In 2015, when he was 15 and playing in an inter-school tournament, Dhanawade set the record for the highest-ever score in a single innings in a recognised match, swatting 1,009 runs. His school declared on an also record-breaking 1,465 for 3.

Their opponents replied limply with innings of 31 and 52. Hopefully, rather than feel embarrasse­d, they have learned to dine out on their role in helping history be made.

Overnight, Dhanawade went from being the teenage son of a rickshaw driver to an internatio­nal sensation. His state government paid for his subsequent education and cricket coaching.

But the high expectatio­n was a hindrance as much as a help. “Every time I walked out to bat, I used to feel the pressure and that on occasions got the better of me. It became difficult for me as I lost focus at times and played a loose shot,” he admitted in 2021.

By then, Covid lockdowns had denied him — and countless other up-and-coming cricketers at the formative period of their developmen­t — two seasons of trials. By 2022, he was playing for Northwick Cricket Club in Cheshire. Age 23, his sights are still set on proving he was not a “one-knock wonder” and playing for India. But of this there is, as yet, no sign.
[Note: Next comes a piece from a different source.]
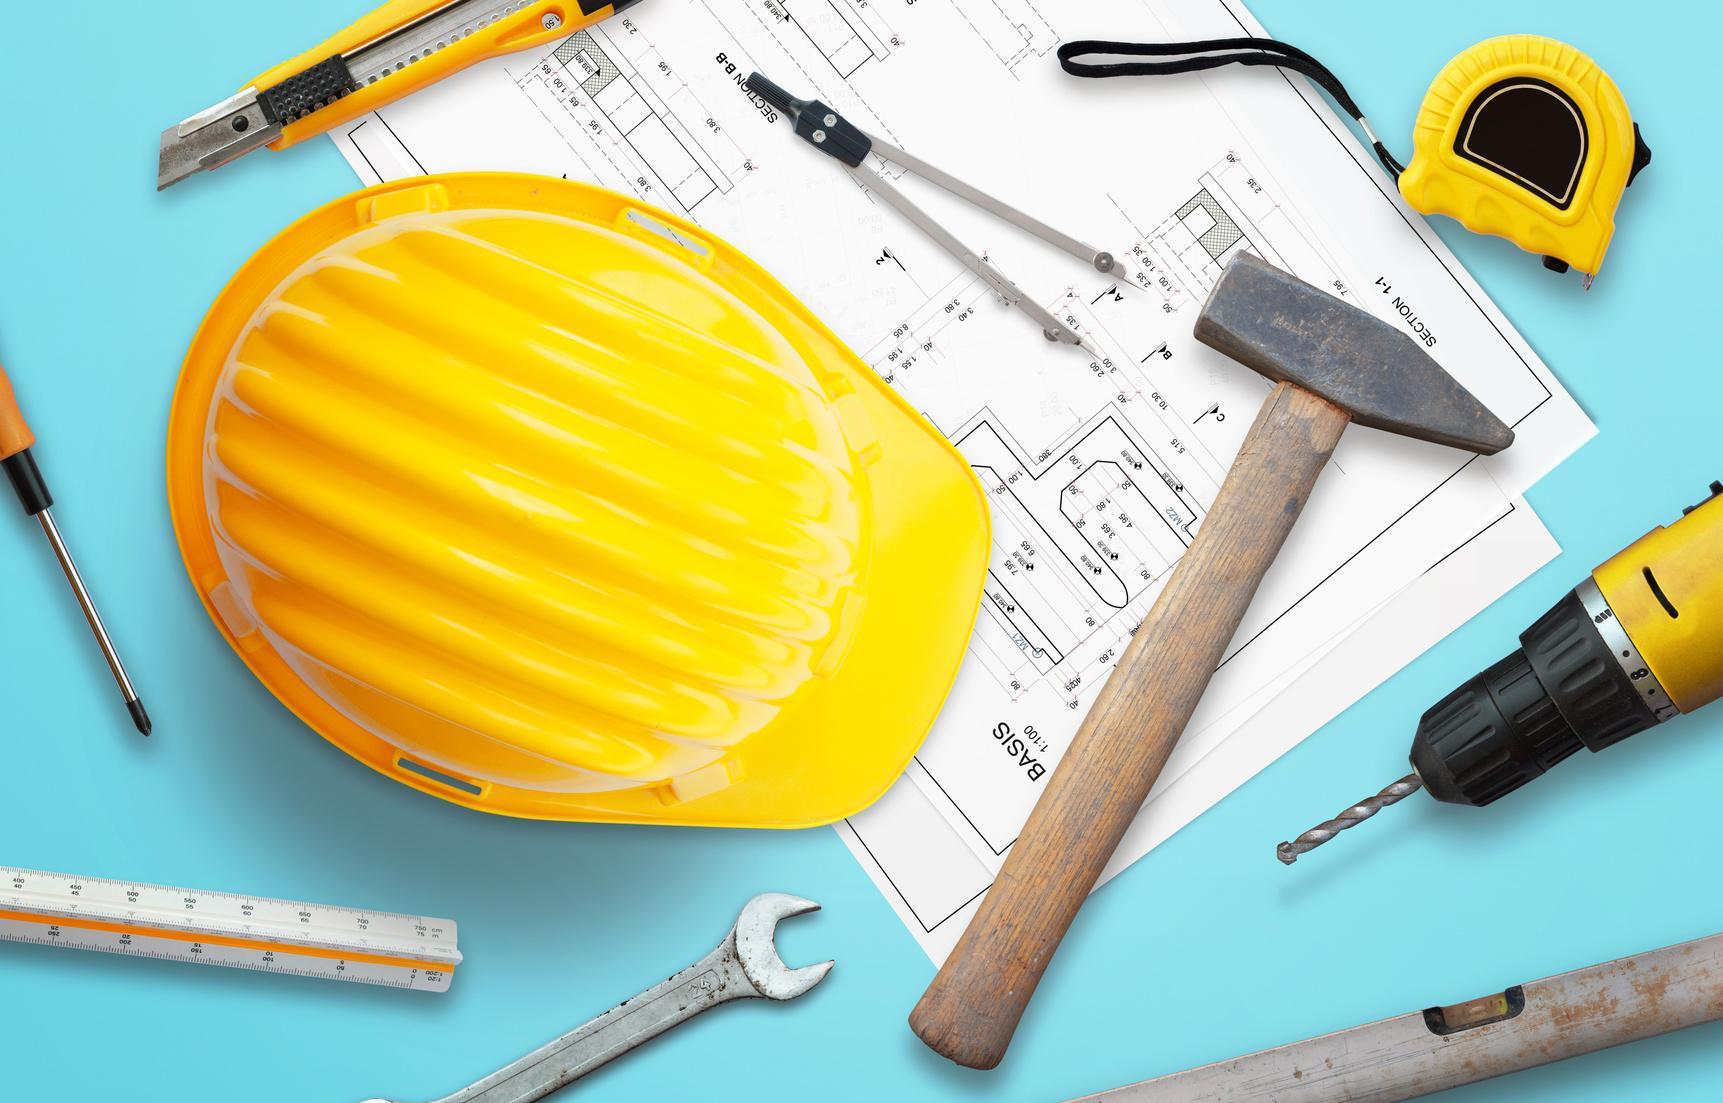 Ristrutturazione di interni restauri edili mattei for Ristrutturazione interni

Dhanawade beat the record which had lasted for 116 years, set in 1899 by A.E.J. (Arthur) Collins, a 13-year-old playing in an inter-house match at Clifton College.

Crowds accumulate­d along with his profusion of boundaries over the course of his four days at the crease and prompted a report in The Times . He notched up 628 not out.

Aged 16, Collins joined the Royal Military Academy, Woolwich (for whom he scored a century against Sandhurst) and played at Lord’s for the Royal Engineers.

His army career, however, took precedence. Mentioned in despatches, he was killed at the First Battle of Ypres on 11 November 1914.